Within this buffer you can use the k and j keys to scroll up and down respectively through the available buffers, as well as press <CR> to enter that buffer.

Installation

Add this line to your init.vim / .vimrc file (though you may need to modify it slightly if you use a different plugin manager.

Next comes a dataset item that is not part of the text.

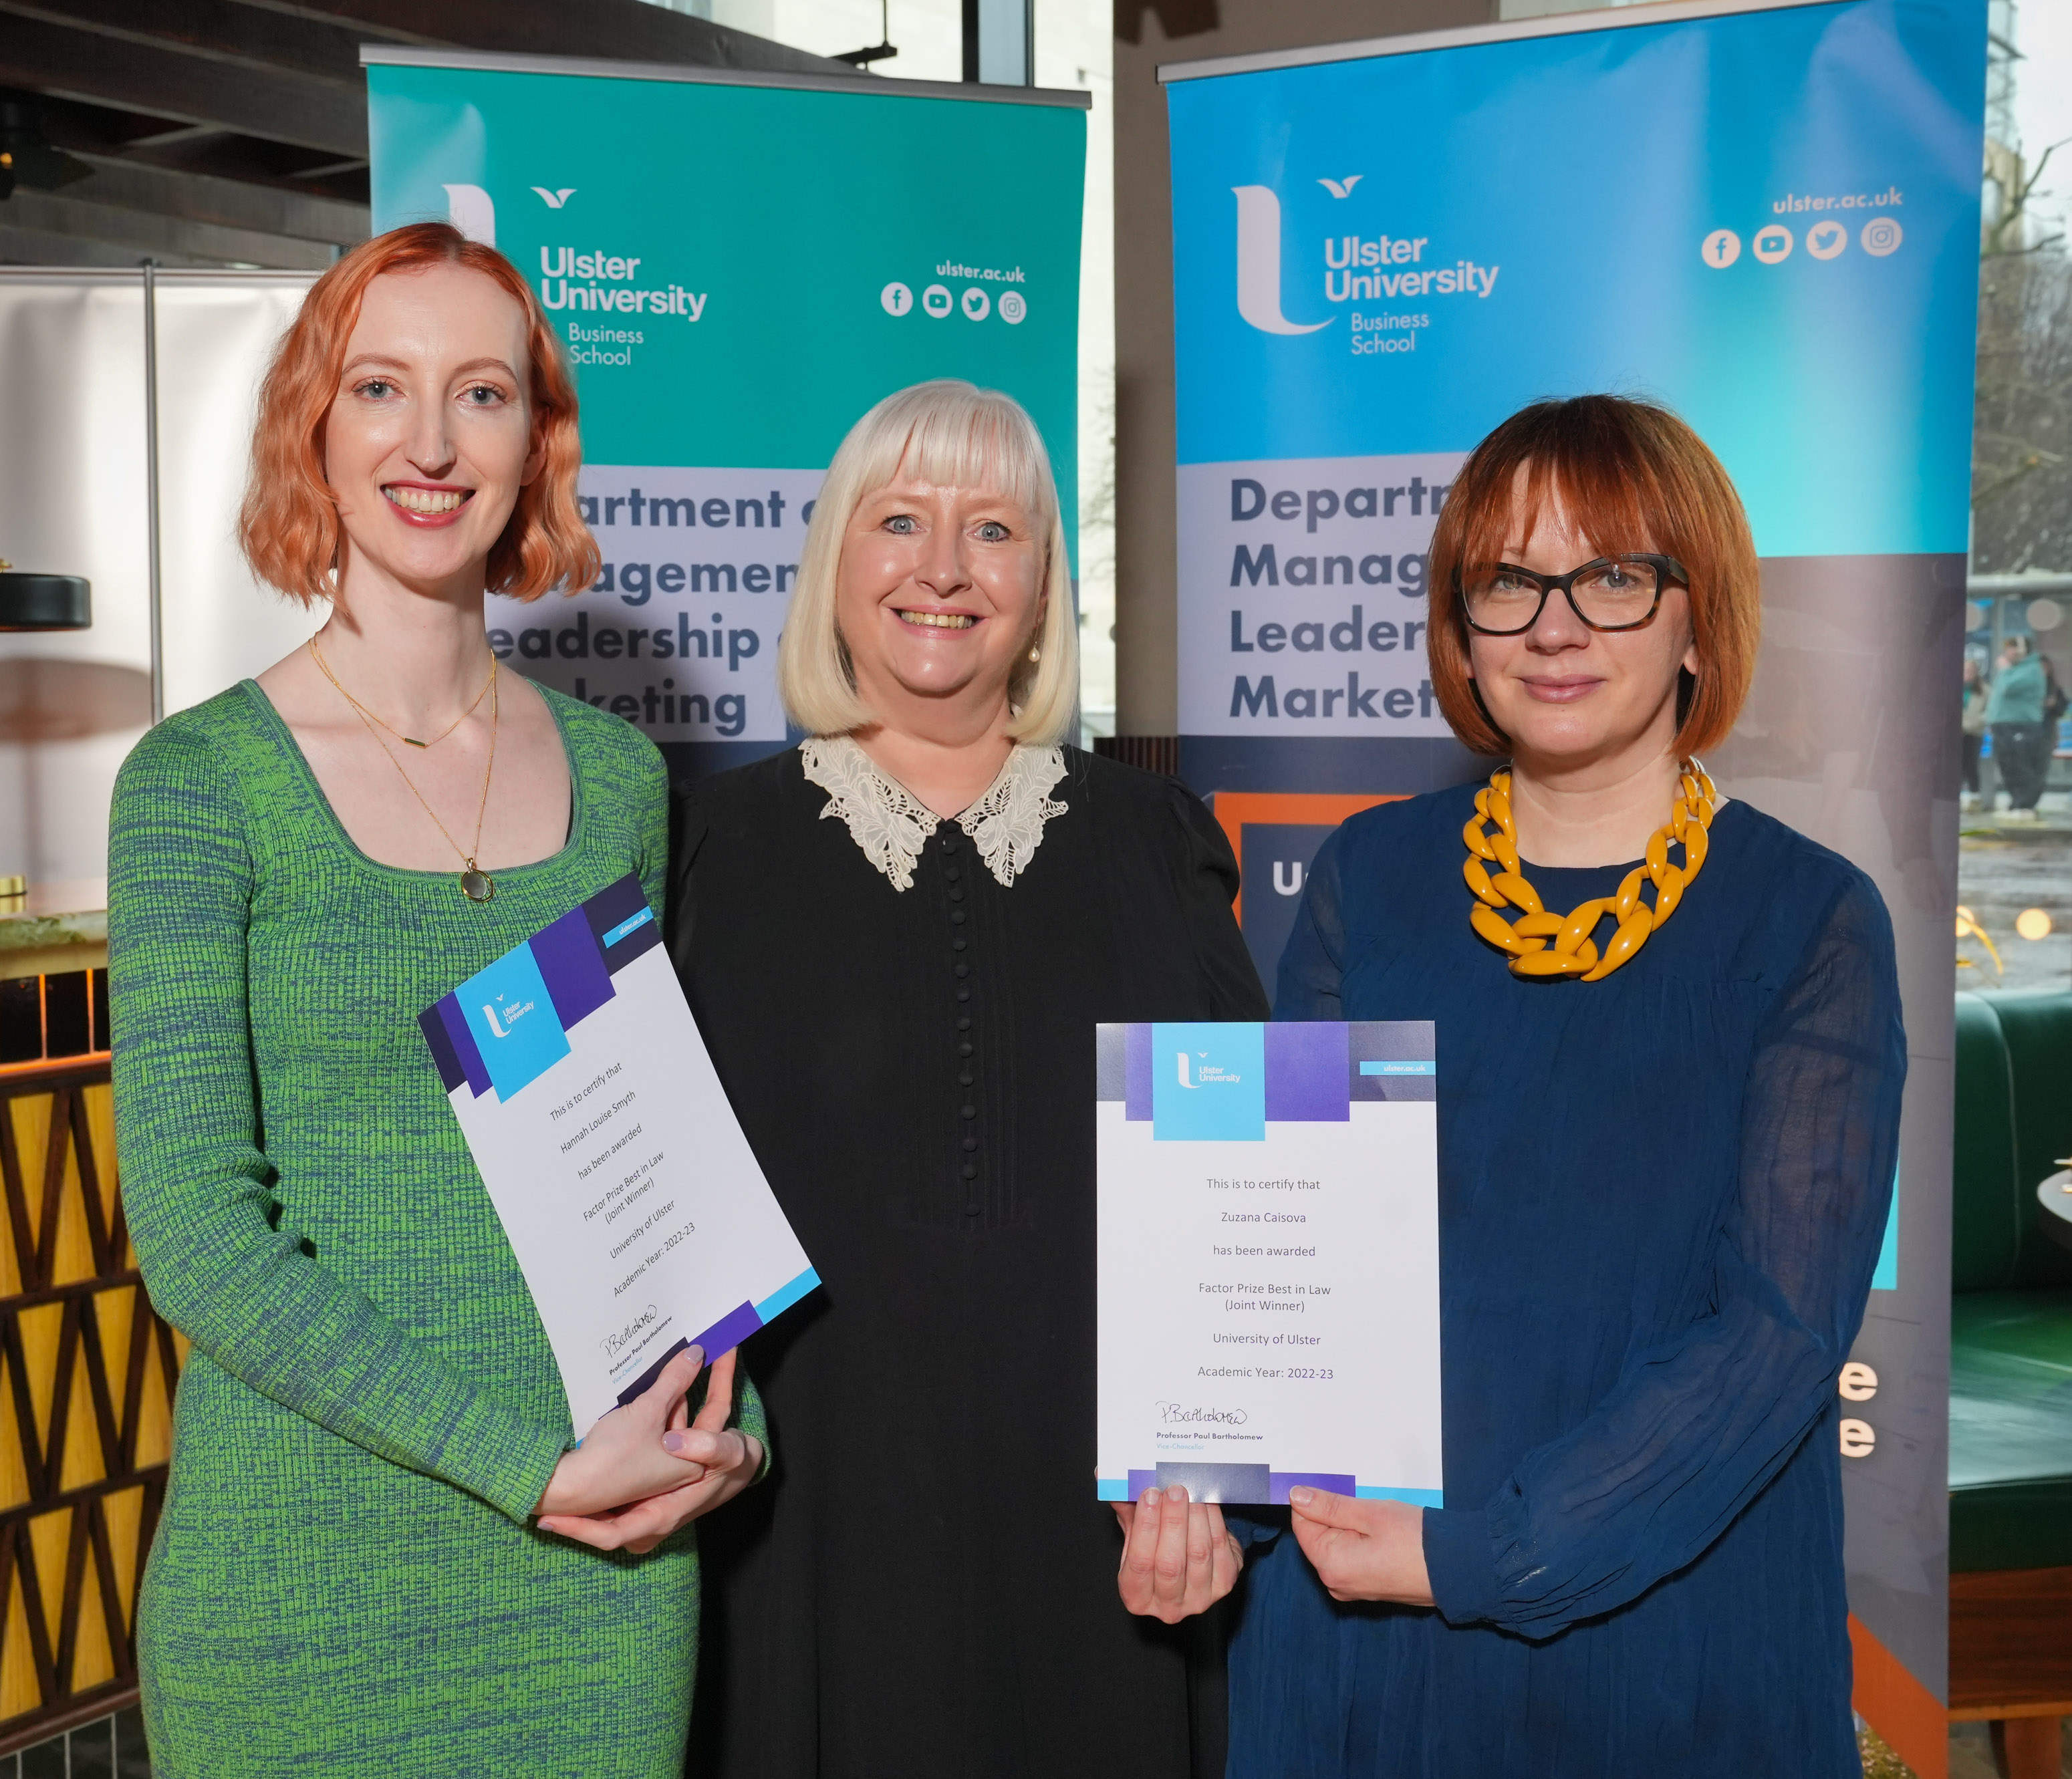 Students awarded for law module success at Ulster University
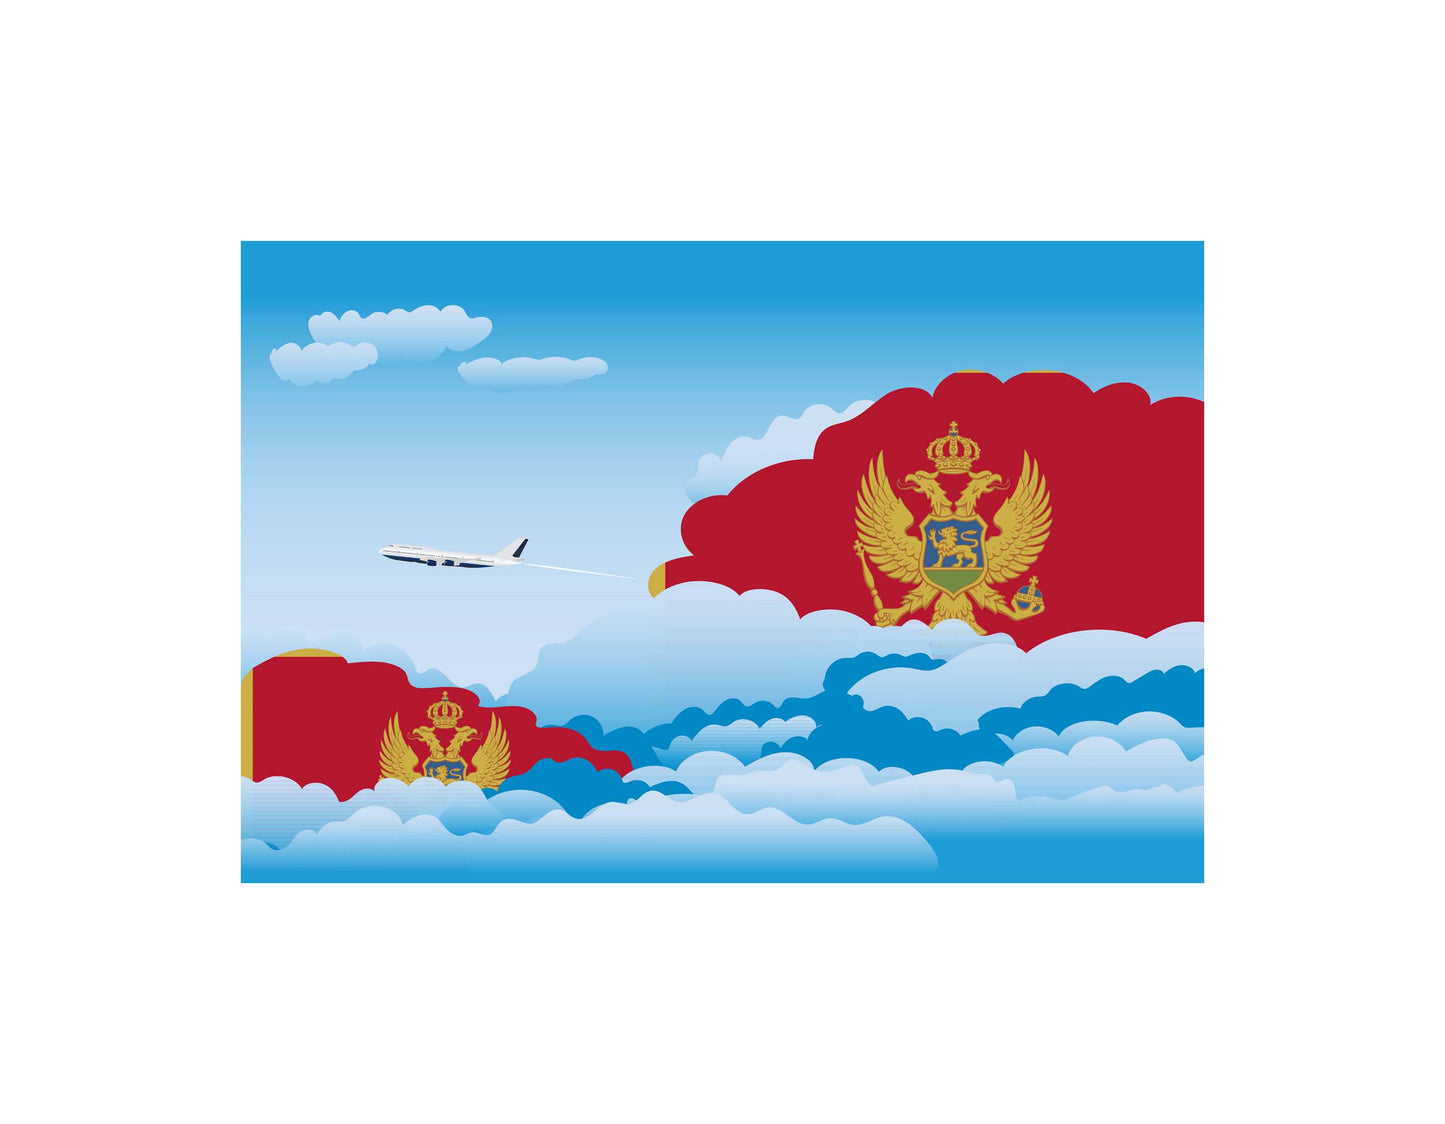 Montenegro Flag Day Clouds Aeroplane Airport Flying Vector Illustration

Plug 'el-iot/buffer-tree-explorer'

and run

:PlugInstall

Usage

Use the :Tree command to render your buffers as an ascii-tree in a separate "tree buffer". While navigating within this buffer you can use the j and k keys to scroll up and down through the available buffers, Enter to open this buffer and delete to delete a given buffer a refresh your tree.

Configuration

Compressing the BufferTree

Sometimes your buffers will be very sparse and the buffer-tree will look a little large for so few files. As an example,
└─ home
   └─ el
      ├─ personal
      │  ├─ vim
      │  │  └─ buffer-tree
      │  │     ├─ README.md ⇒ 2
      │  │     └─ plugin
      │  │        └─ buffer-tree.vim ⇒ 3
      │  └─ repos
      │     └─ themerator
      │        └─ themerator.py ⇒ 14
      └─ .config
         └─ nvim
            ├─ plugged
            │  ├─ buffer-tree
            │  │  └─ plugin
            │  │     └─ buffer-tree.vim ⇒ 4
            │  └─ buffer-minimalism
            │     └─ plugin
            │        └─ buffer-minimalism.vim ⇒ 10
            └─ init.vim ⇒ 1

This is a little inconvenient, as a lot of vertical space is taken up by directories with no buffers. You can set g:buffer_tree_explorer_compress to 1 to "compress" your trees where possible. In this case, the tree above would look like

└─ home/el
   ├─ .config/nvim
   │  ├─ plugged
   │  │  ├─ buffer-minimalism/plugin/buffer-minimalism.vim ⇒ 10
   │  │  └─ buffer-tree/plugin/buffer-tree.vim ⇒ 4
   │  └─ init.vim ⇒ 1
   └─ personal
      ├─ repos/themerator/themerator.py ⇒ 14
      └─ vim/buffer-tree
         ├─ README.md ⇒ 2
         └─ plugin/buffer-tree.vim ⇒ 3

Closing the tree after selecting a buffer

By default, You can configure buffertree-explorer to close on selecting a buffer (with <enter>) by setting the g:buffertree_close_on_enter to 1.